Accelerating Asynchronous Algorithms for Convex Optimization by Momentum Compensation

Asynchronous algorithms have attracted much attention recently due to the crucial demands on solving large-scale optimization problems. However, the accelerated versions of asynchronous algorithms are rarely studied. In this paper, we propose the "momentum compensation" technique to accelerate asynchronous algorithms for convex problems. Specifically, we first accelerate the plain Asynchronous Gradient Descent, which achieves a faster $O(1/\sqrt{\epsilon})$ (v.s. $O(1/\epsilon)$) convergence rate for non-strongly convex functions, and $O(\sqrt{\kappa}\log(1/\epsilon))$ (v.s. $O(\kappa \log(1/\epsilon))$) for strongly convex functions to reach an $\epsilon$- approximate minimizer with the condition number $\kappa$. We further apply the technique to accelerate modern stochastic asynchronous algorithms such as Asynchronous Stochastic Coordinate Descent and Asynchronous Stochastic Gradient Descent.
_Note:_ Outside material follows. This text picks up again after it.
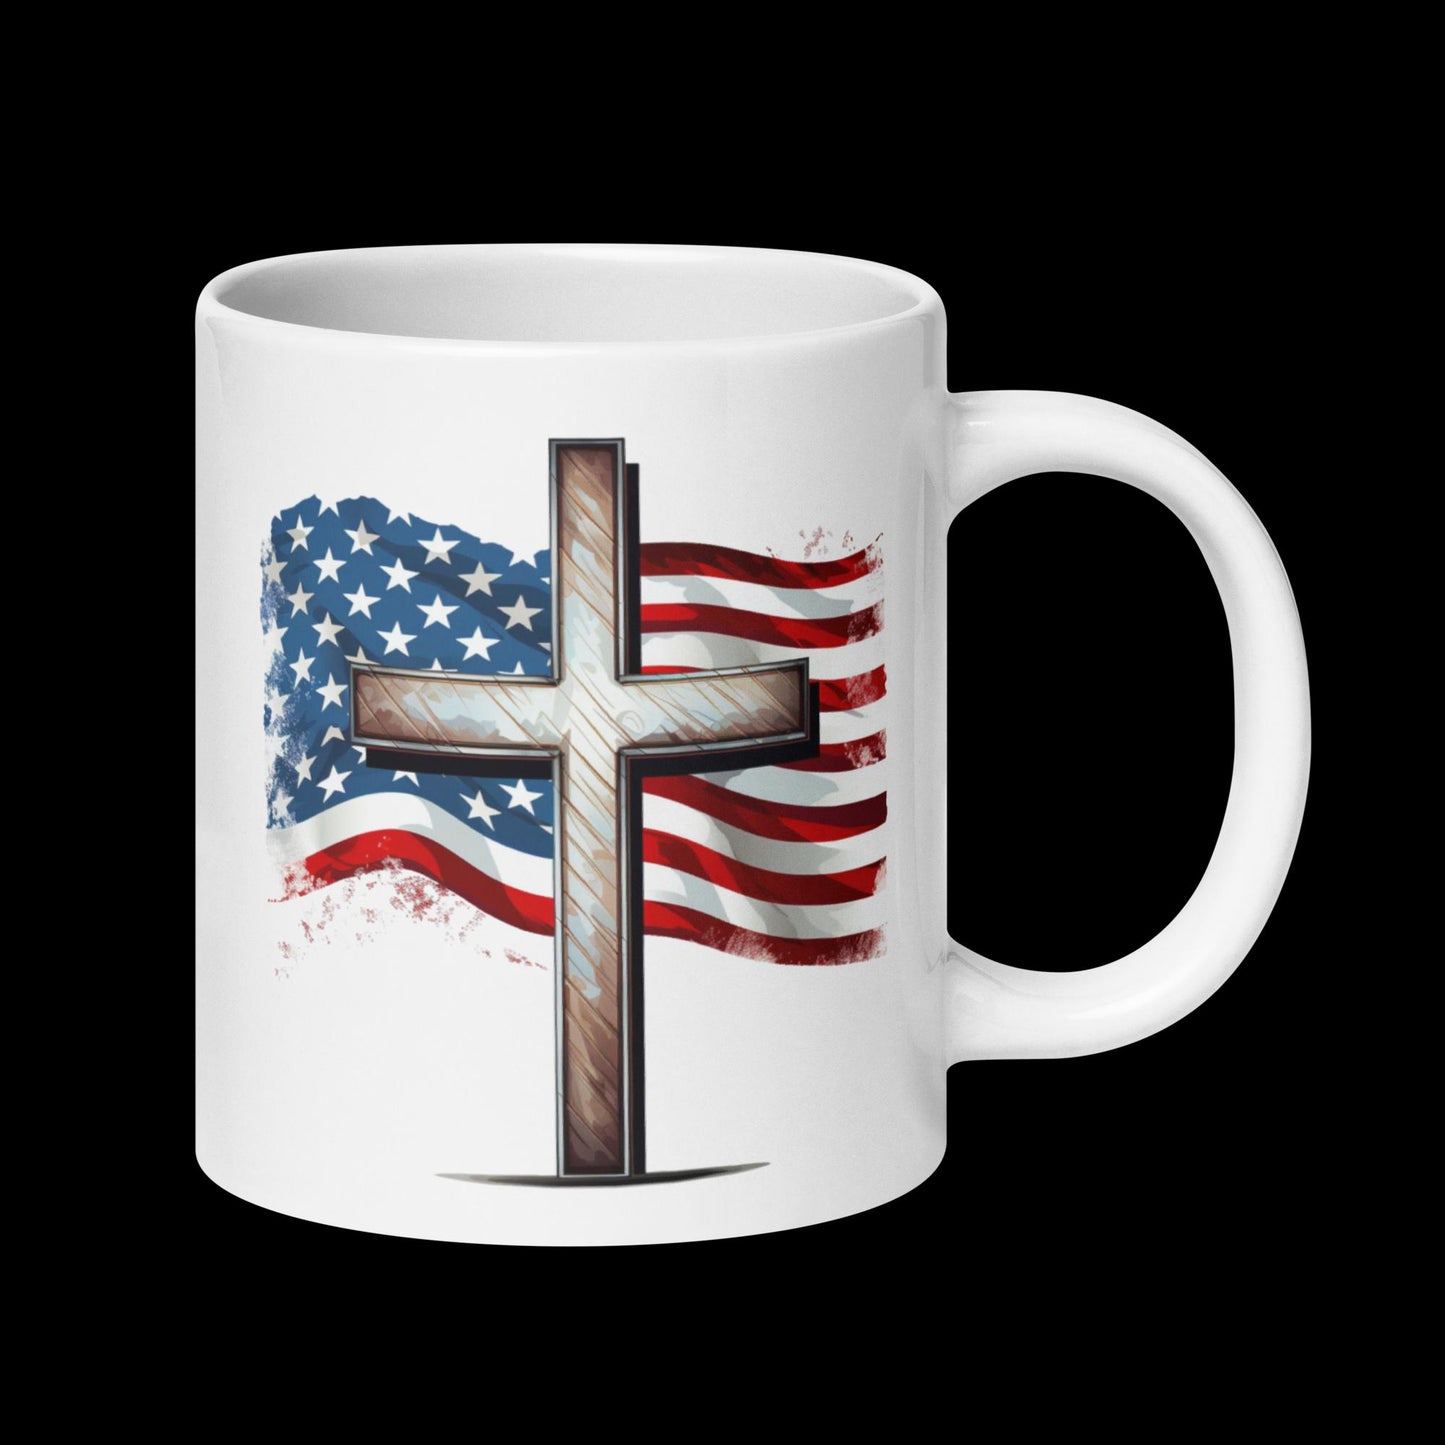 Cross & American Flag Mug | Christian Mug  | Easter Gift  | 4th of July | Patriotic USA | Western Cross Mug Design

Both of the resultant practical algorithms are faster than existing ones by order. To the best of our knowledge, we are the first to consider accelerated algorithms that allow updating by delayed gradients and are the first to propose truly accelerated asynchronous algorithms. Finally, the experimental results on a shared memory system show that acceleration can lead to significant performance gains on ill-conditioned problems.